** TASK GOAL **
Given the listing below, write out exactly the lines starting with the line that has "5 bloques gratis" and going on through the line that has "hair salon business", both kept.

** SUPPLIED RECORDS **
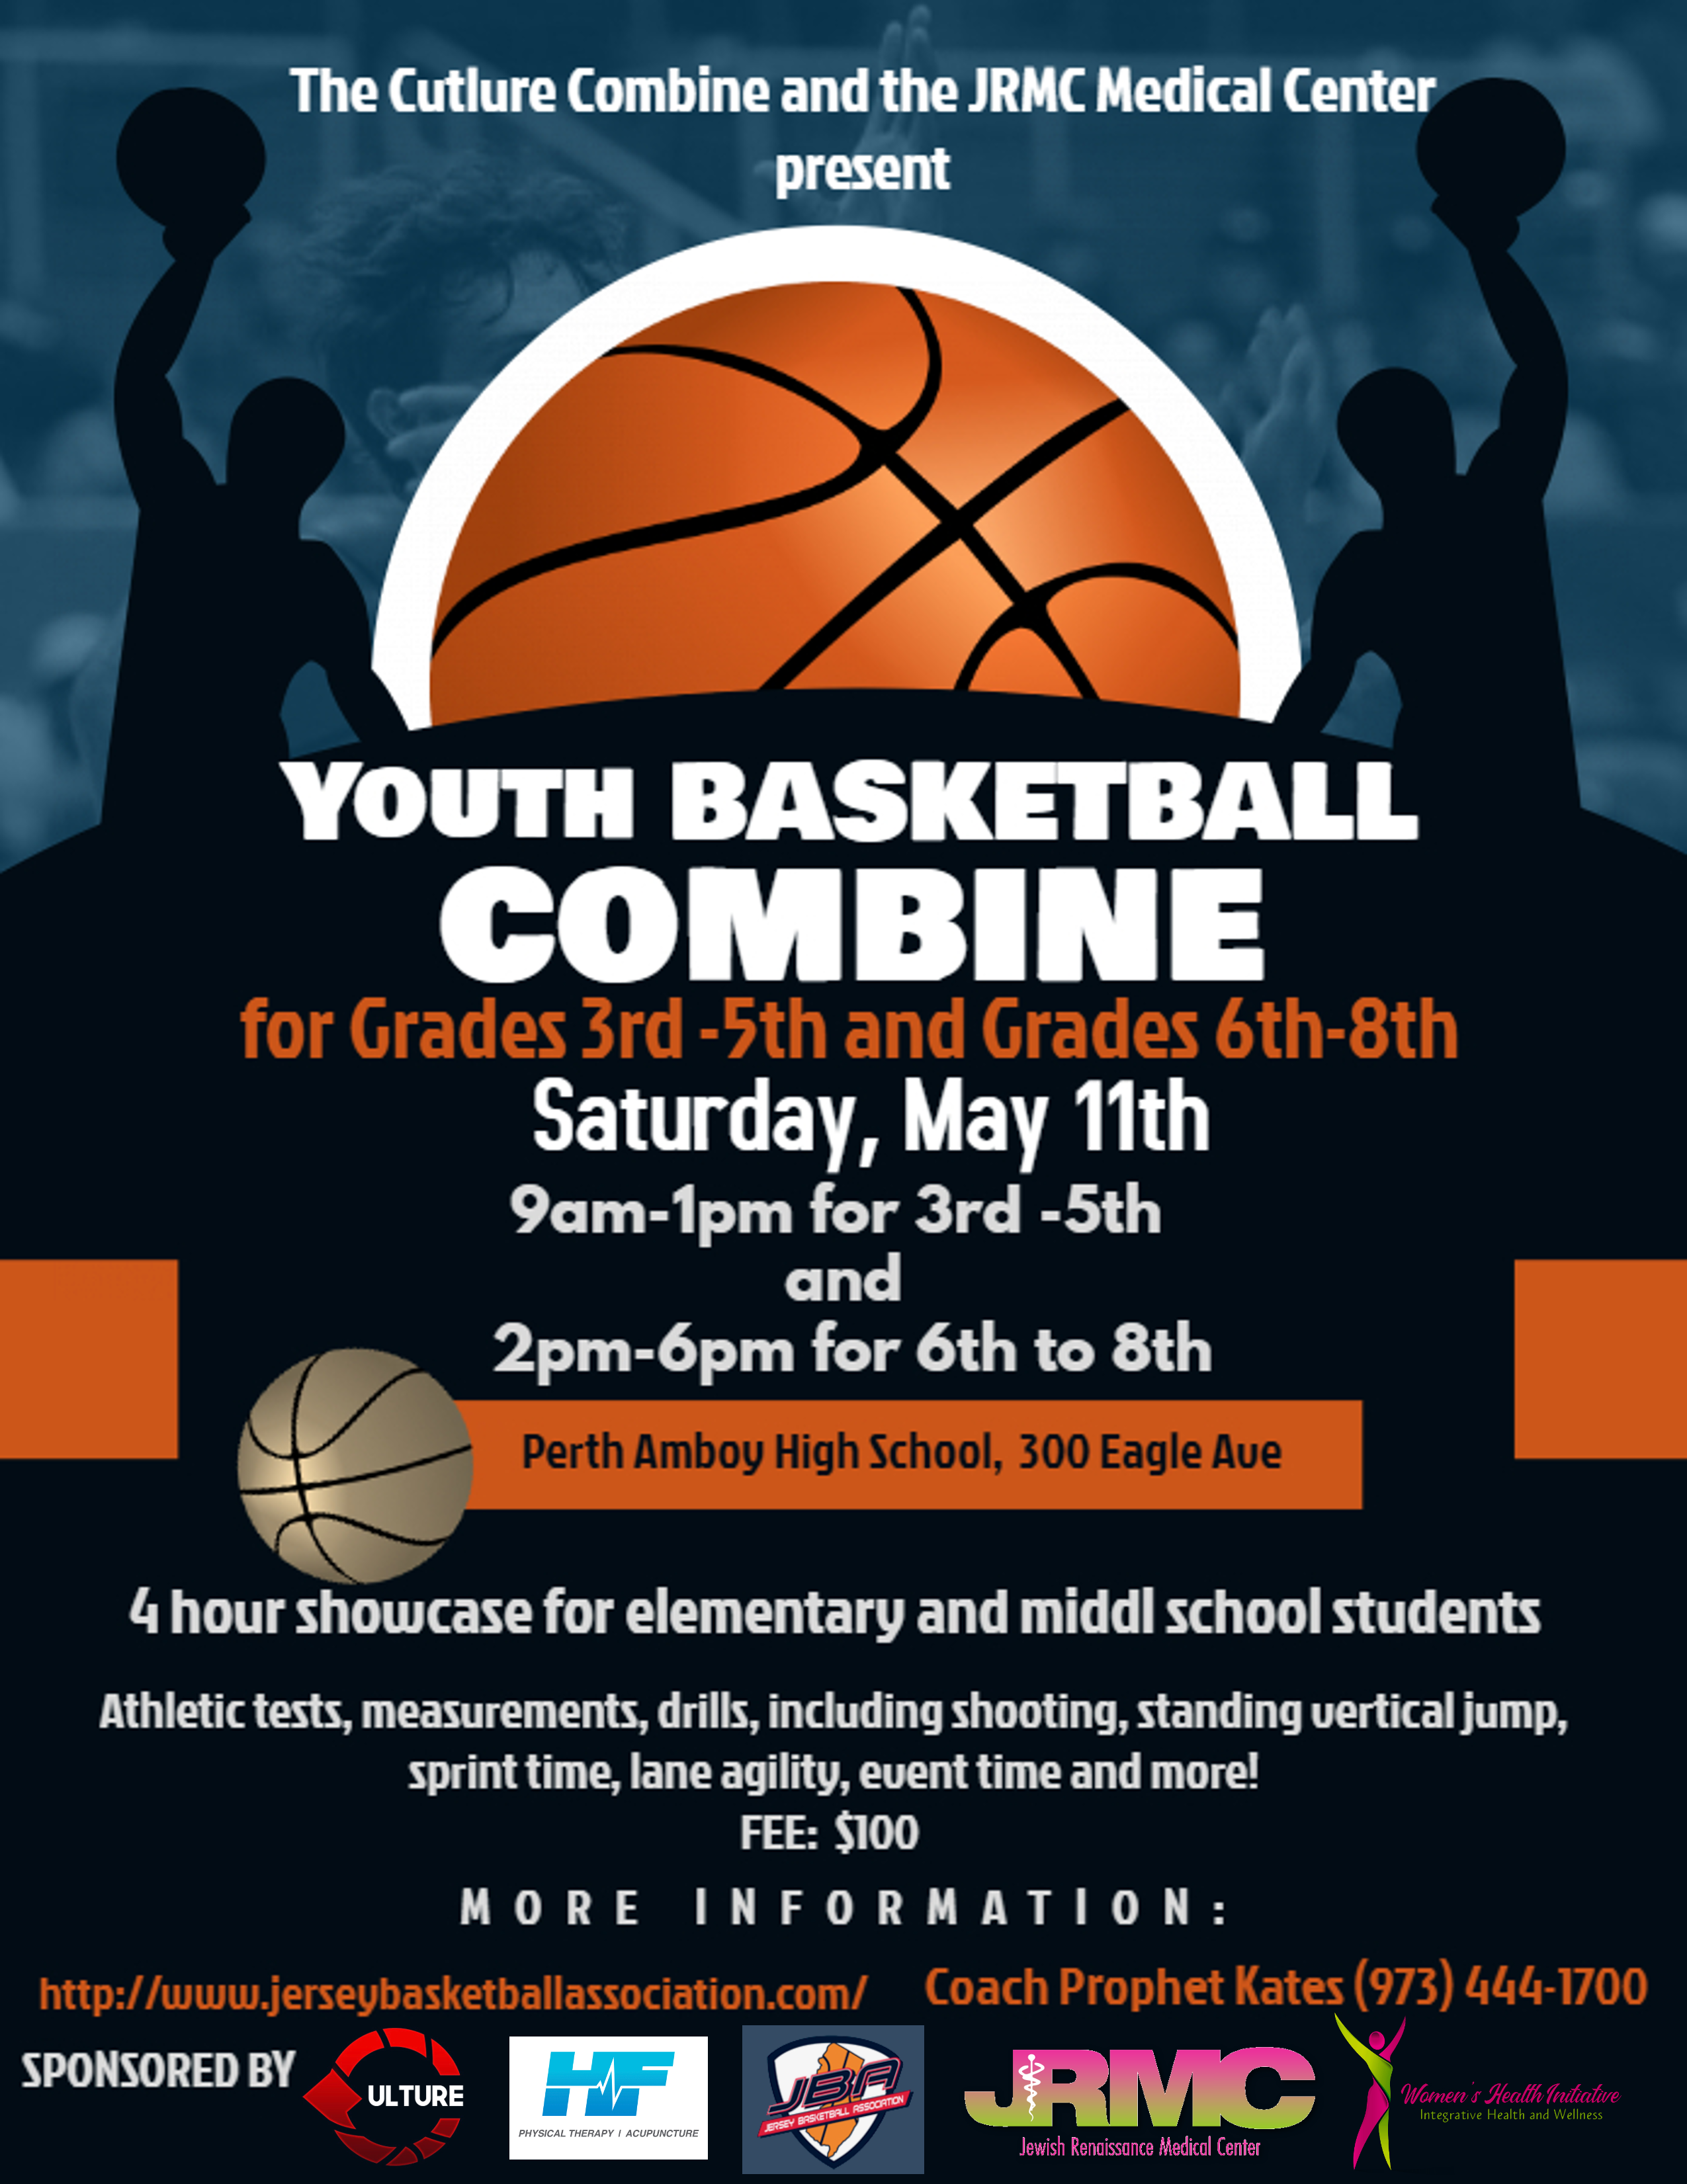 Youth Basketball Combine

--

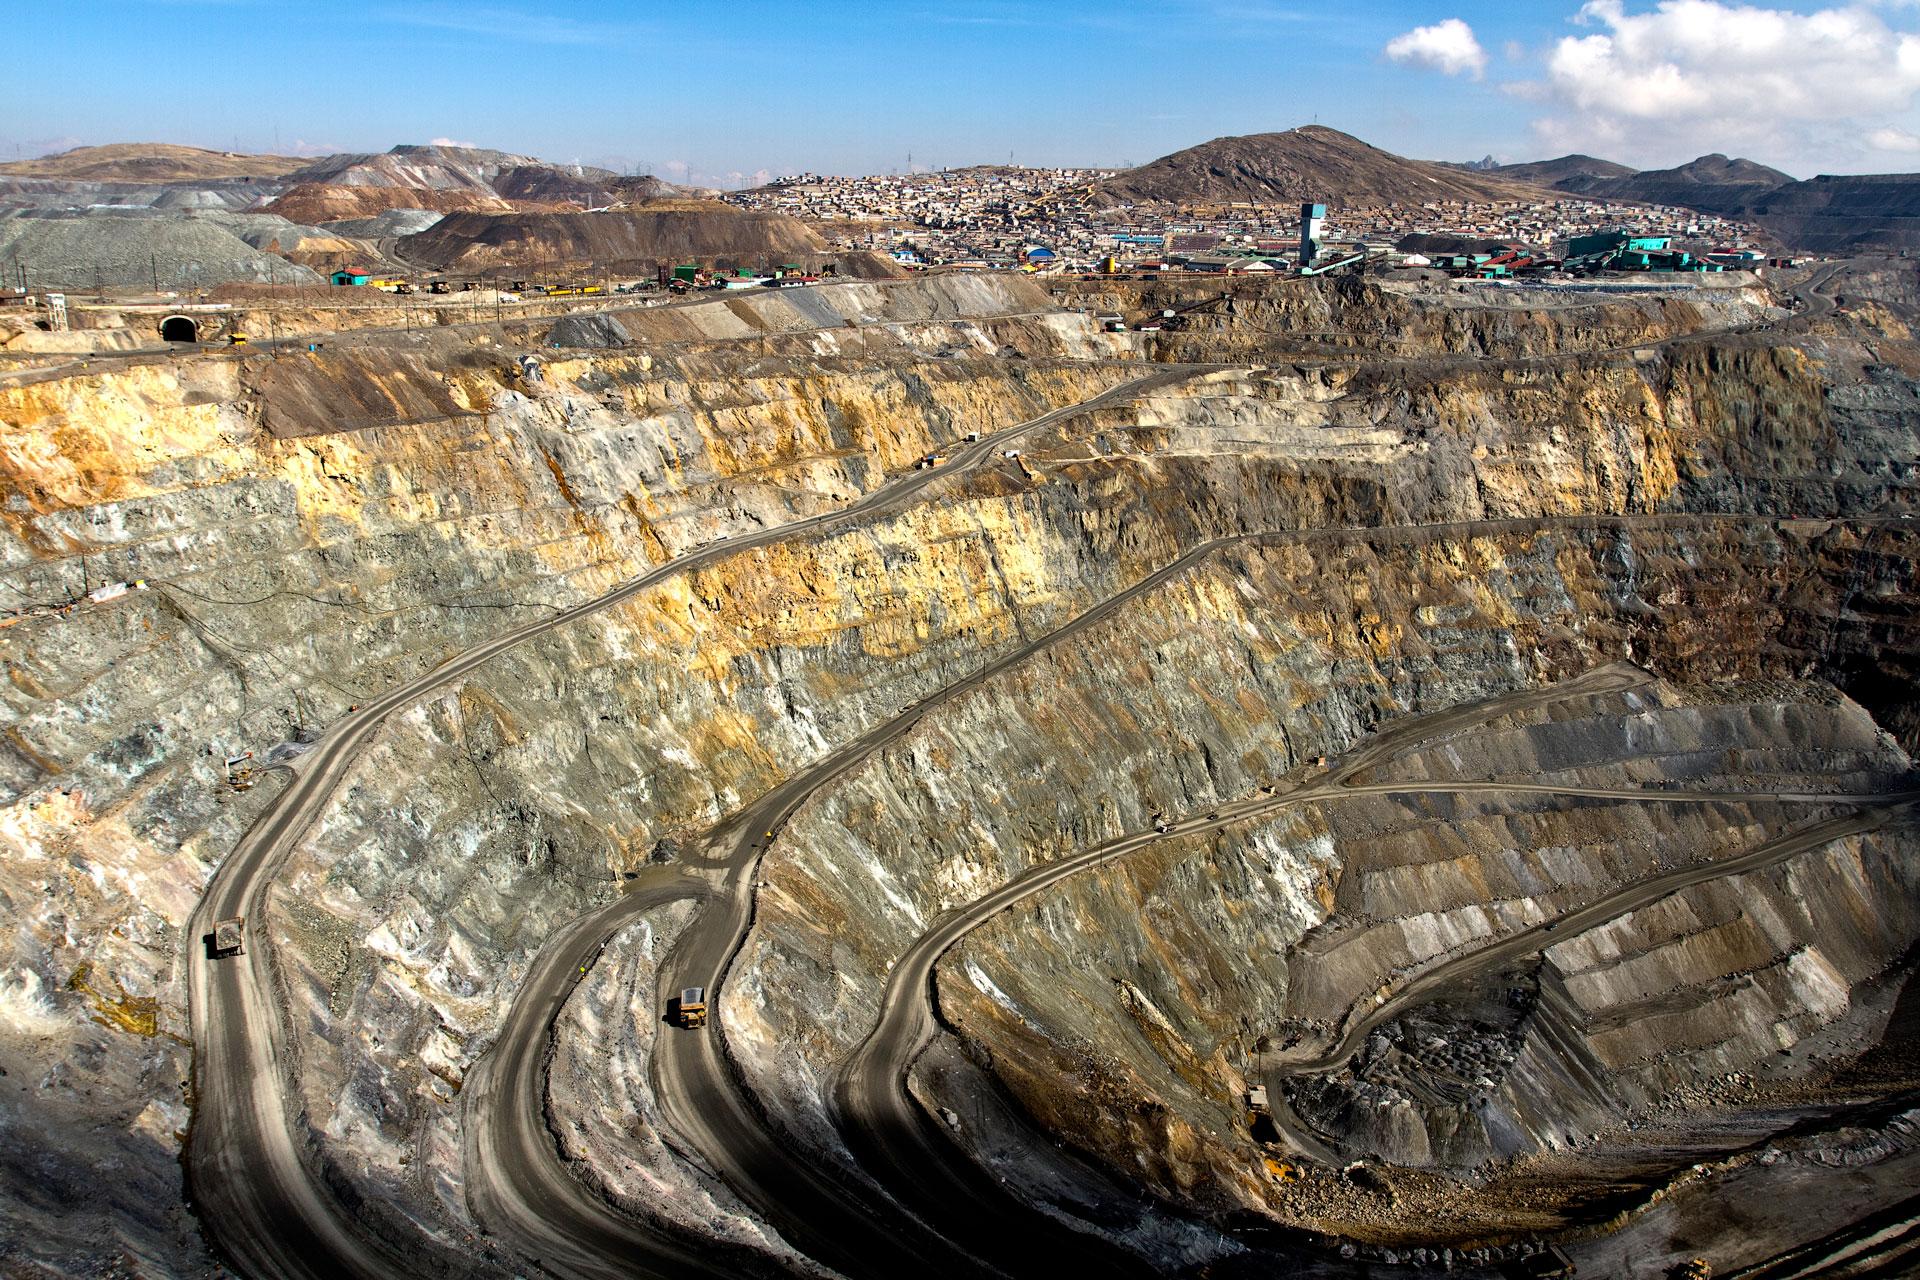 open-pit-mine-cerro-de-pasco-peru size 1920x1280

--

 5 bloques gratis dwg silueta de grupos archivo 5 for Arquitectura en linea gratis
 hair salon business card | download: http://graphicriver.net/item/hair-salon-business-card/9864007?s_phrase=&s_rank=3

** ANSWER TO THE EXERCISE **
 5 bloques gratis dwg silueta de grupos archivo 5 for Arquitectura en linea gratis
 hair salon business card | download: http://graphicriver.net/item/hair-salon-business-card/9864007?s_phrase=&s_rank=3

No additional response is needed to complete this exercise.